Due to nuclear instability, an atom’s nucleus exhibits the phenomenon of Radioactivity. Energy is lost due to radiation that is emitted out of the unstable nucleus of an atom. Two forces namely the force of repulsion that is electrostatic and the powerful forces of attraction of the nucleus keep the nucleus together. These two forces are considered extremely strong in the natural environment. The chance of encountering instability increases as the size of the nucleus increases because the mass of the nucleus becomes a lot when concentrated. That’s the reason why atoms of Plutonium, Uranium are extremely unstable and undergo the phenomenon of radioactivity.

Henry Becquerel discovered radioactivity by accident. A Uranium compound was placed in a drawer containing photographic plates, wrapped in a black paper. When the plates were examined later it was found that they were exposed! This exposure gave rise to the concept of Radioactive decay. Radioactivity can be seen in such forms

• Gamma Decay (Photons having high energy are emitted)
• Beta Decay (Emission consists of Electrons)
• Alpha Decay (Emission consists of Helium nucleus)

## Alpha Decay

Alpha decay is a type of radioactive decay where the unstable atomic nuclei emit a helium nucleus (alpha particle) and in the process transforms into another more stable element. The particle ejected out, the alpha particle, consists of 4 nucleons; two neutrons and two protons. Alpha radiation reduces the ratio of protons to neutrons in the parent nucleus, bringing it to a more stable configuration. An alpha particle is identical to the nucleus of a helium atom. The first observations and investigation into alpha decay were made by Ernest Rutherford who used alpha particles in his gold foil scattering experiment. As the alpha particle; made of two protons and neutron; exits the nucleus, the atomic number of the radioactive sample changes. The element left behind after alpha decay is 2 atomic numbers lesser and four mass number lower. For example, Uranium 238 92 decays to form Thorium23490.

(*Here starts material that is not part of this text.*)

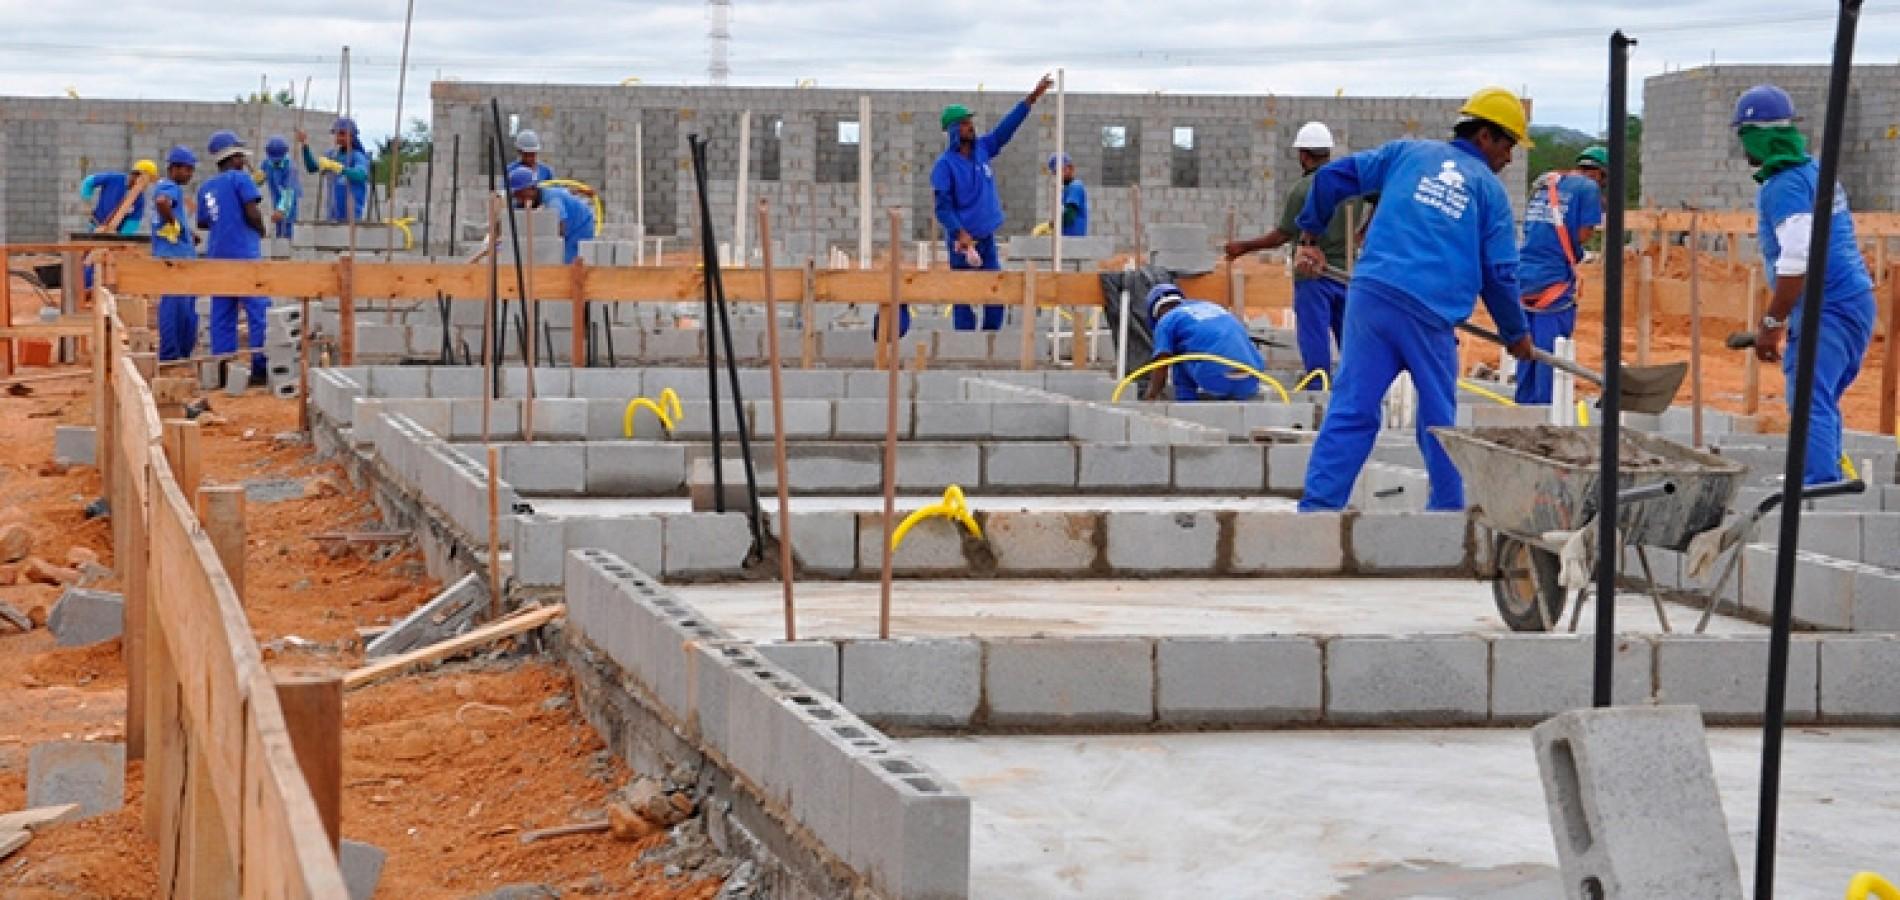 Após 70 dias de atividades suspensas, construção civil cobra plano para retomada dos trabalhos no Piauí
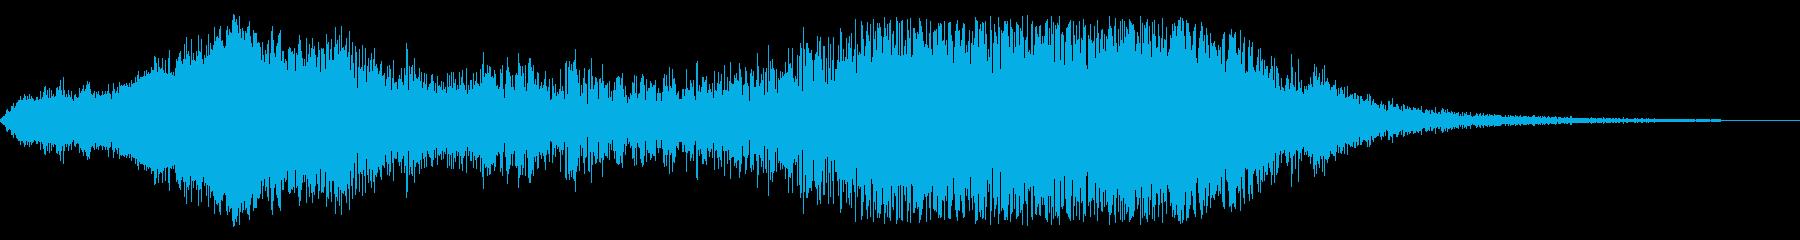 F1などのレース、エンジン音に最適!37の再生済みの波形

$_{92}^{238}\textrm{U} \rightarrow _{90}^{234}\textrm{Th} + _{2}^{4}\textrm{He}$

Thus the transformation of a nucleus in an alpha decay can be written as;

$_{Z}^{A}\textrm{X} \rightarrow _{Z-2}^{A-4}\textrm{Y} + _{2}^{4}\textrm{He}$

Alpha decay occurs only in the heaviest of the elements. The nucleus of the element should be large or unstable enough to undergo spontaneous fission-type changes. It is the most common form of decay in such elements. The alpha particles emitted out of the nucleus usually have an energy level of around 5 MeV and have a speed of around 5% of light. It is important to note that alpha particles possess a charge of +2 due to the absence of electrons. Due to this charge and owing to its heavy mass, an alpha particle reacts with the surroundings vigorously to lose all of its energy almost immediately. Their forward motion can be stopped by a few centimetres of air.

Owing to their heaviness and their charge, this kind of radioactive decay reacts most violently with the human body. They have a high ionizing power due to which they can wreak havoc with tissue. An overdose of alpha radiation results in the formation of blisters and burns on the victim’s bodies.